Doch daraus wird nichts. Es ist kein Bauholz verfügbar. Ausgerechnet Bauholz, denn eigentlich hatte die Gemeinde den Bau mit Holzmodulen geplant, um Zeit und Geld zu sparen. Im Mai musste sie notgedrungen eine Änderung der Bauweise beschließen: Jetzt soll die Kita als Massiv-Mauerwerk errichtet werden. Geplanter Zeitpunkt der Fertigstellung: Ende Juni 2023.

"Angespannte Situation beim Hochbau"

Beim Hessischen Städte- und Gemeindebund (HSGB) und auch beim Hessischen Städtetag häufen sich nach Angaben ihrer Sprecher derartige Berichte: Die Stadt Kassel etwa verzeichnet Materialengpässe und steigende Kosten beim Straßenbau: Zum Teil müssen andere Materialien benutzt werden als ursprünglich geplant, zum Teil wollen Bauunternehmen Preise neu verhandeln.

Die Stadt Fulda berichtet auf hr-Anfrage von einer "ausgesprochen angespannten Situation" beim Hochbau, also beim Bau von Brücken, Wohngebäuden oder Schulen.
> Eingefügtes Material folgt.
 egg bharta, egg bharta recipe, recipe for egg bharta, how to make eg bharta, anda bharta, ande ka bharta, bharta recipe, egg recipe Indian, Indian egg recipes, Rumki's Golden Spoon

Auch Gebäude der Landesgartenschau 2023 werden wohl teurer. "Die Situation betrifft neben Stahl auch Ziegelsteine, Zement oder Glas, sowie in Folge alle Produkte, die Stahl oder andere Metalle als Einsatzmaterial benötigen." Immer wieder müssten Nachforderungen von Unternehmen geprüft werden, heißt es, was "für alle Parteien sehr zeitaufwändig" ist.
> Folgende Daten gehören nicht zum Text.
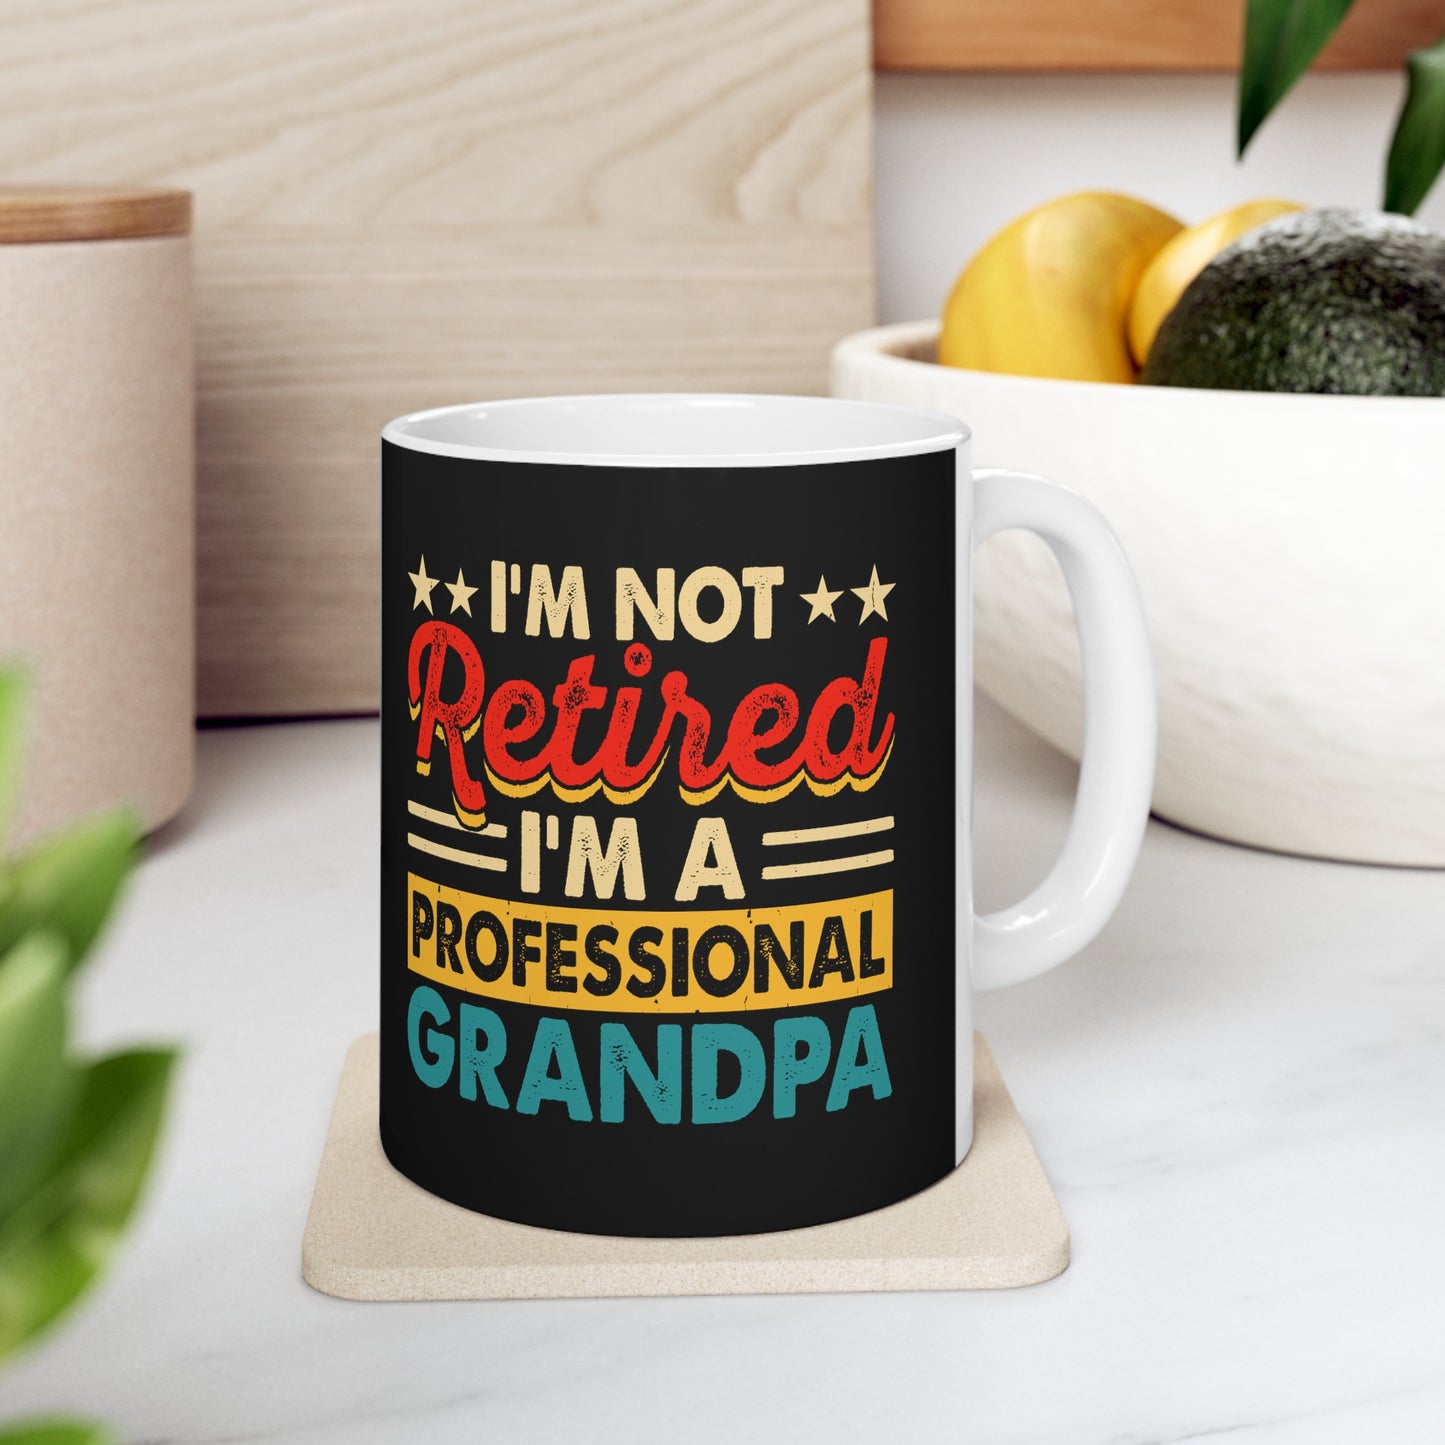 I'm Not Retired I'm A Professional Grandpa Ceramic Mug, 11oz

Landesgartenschau Fulda ein Jahr vor dem Start

Tagesgeschäft: Nachverhandlungen

Anfragen prüfen ist derzeit auch Kerstin Webers Tagesgeschäft. Die Leiterin der Schulbauabteilung des Lahn-Dill-Kreises ist mit mehreren Bauunternehmen im Gespräch, die über massiv gestiegene Materialpreise klagen und mit ihren ursprünglichen Angeboten nicht mehr zurechtkommen.

97 Schulen an 95 Standorten verantwortet der Kreis als Schulträger, viele davon werden seit Jahren saniert oder neu gebaut. Im vergangenen Sommer mussten 16 Projekte wegen Materialmangels gestoppt werden. Eigentlich sollte es in diesem Jahr weitergehen, doch dann kam der Ukraine-Krieg. Bislang konnte der Kreis nur drei Projekte weiterführen.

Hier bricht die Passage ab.